张鑫将水杯放下,不紧不慢的说:“谁让你这么古板呢,只是运点感冒药罢了,又不犯法,你非得千方百计的拦着。”
路遥脸上闪过一丝了然之色,道:“张鑫你这垃圾,狗改不了吃屎。将感冒药运到国外提炼毒品……咳咳……”
张鑫理了下领带,笑道:“你别血口喷人啊,我可是国际知名企业家。这次回国,‘省招商引资局’还打电话欢迎我呢~”

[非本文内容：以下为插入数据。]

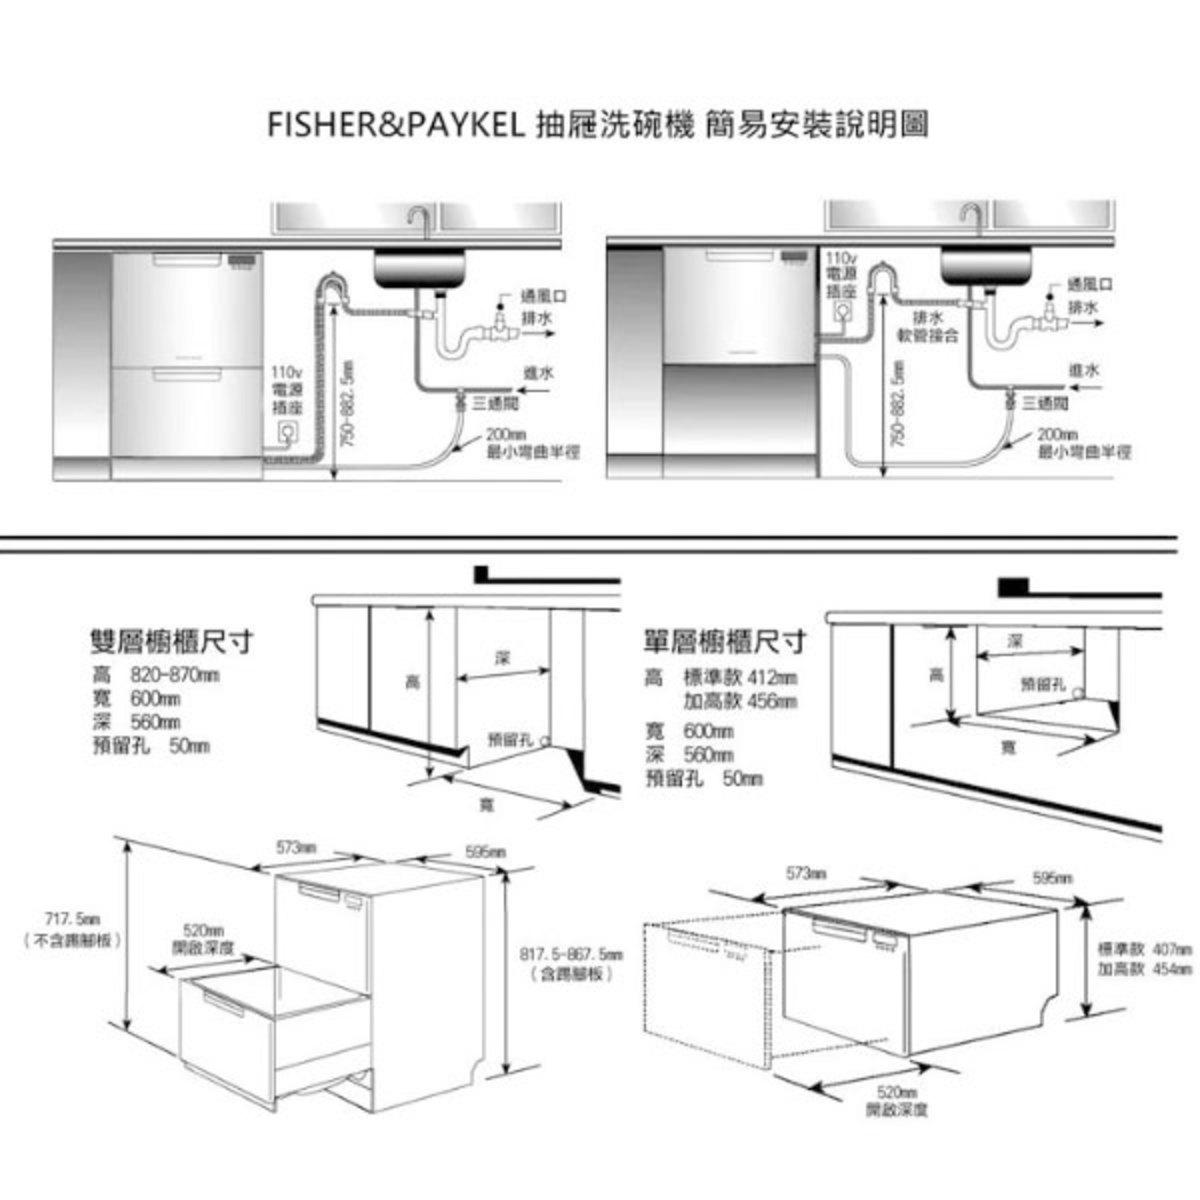 Fisher&Paykel DD60DCHX9 雙層抽屜式洗碗機 9系列 14人份 不銹鋼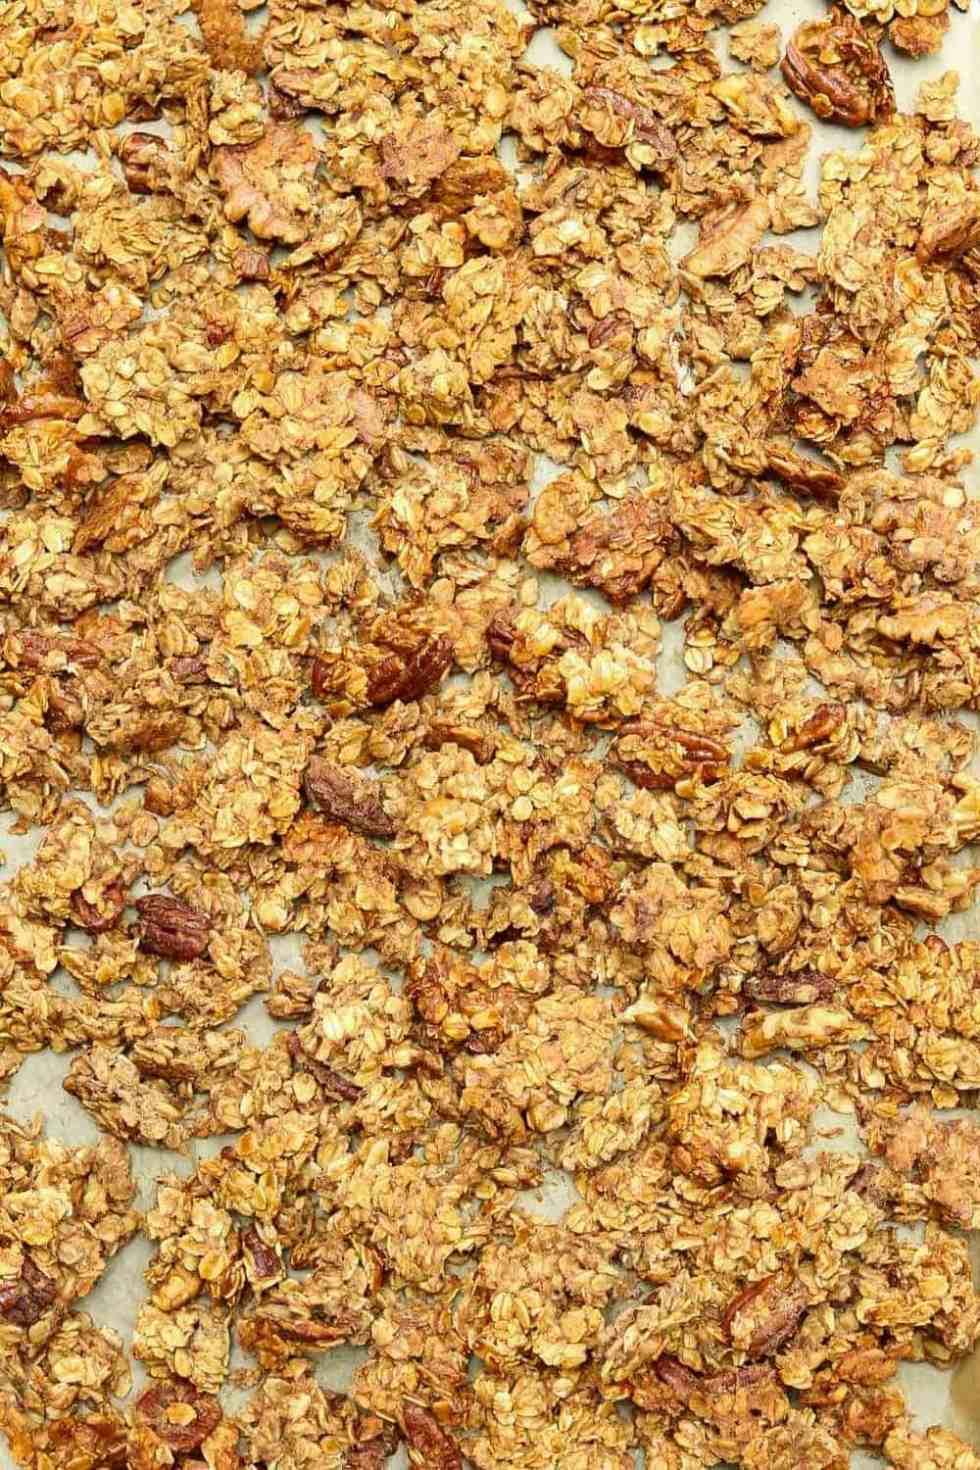 Up close of granola on a baking sheet.

路遥叹了口气,现在的自己什么都做不了,索性闭上眼睛不再说话,安静等待死亡的到来。
但张鑫却不想让眼前饱受病痛折磨、即将离世的表兄走好。他附身靠近,悄悄说道:琇書蛧
“表哥啊~其实呢,我这次回国主要就是见你一面,告诉你一声——你的癌,是我弄出来的~”
路遥陡然挣开眼,“你说什么!”
张鑫笑眯眯的掏出个铅盒打开,里面是件古怪的三角形饰物,仅有巴掌大小,中间是只眼睛似的图案,一看就很有年代感。
“眼熟吧?这是我亲手送你的,货真价实的古董。我在里面掺了点放射性物质,长期接触就会变成你现在这副鬼样子。”
路遥马上认出来,这是自己很喜欢的一件古物,天天摆在书桌上,时不时的把玩,没想到却是要人命的东西!
他伸出枯枝似的手臂,死死的抓住眼前人的胳膊!“你……”
“别激动~表哥,我西装很贵的。”张鑫轻松拿掉路遥的手,小心的捏起铅盒,将放射性饰物塞进他怀里。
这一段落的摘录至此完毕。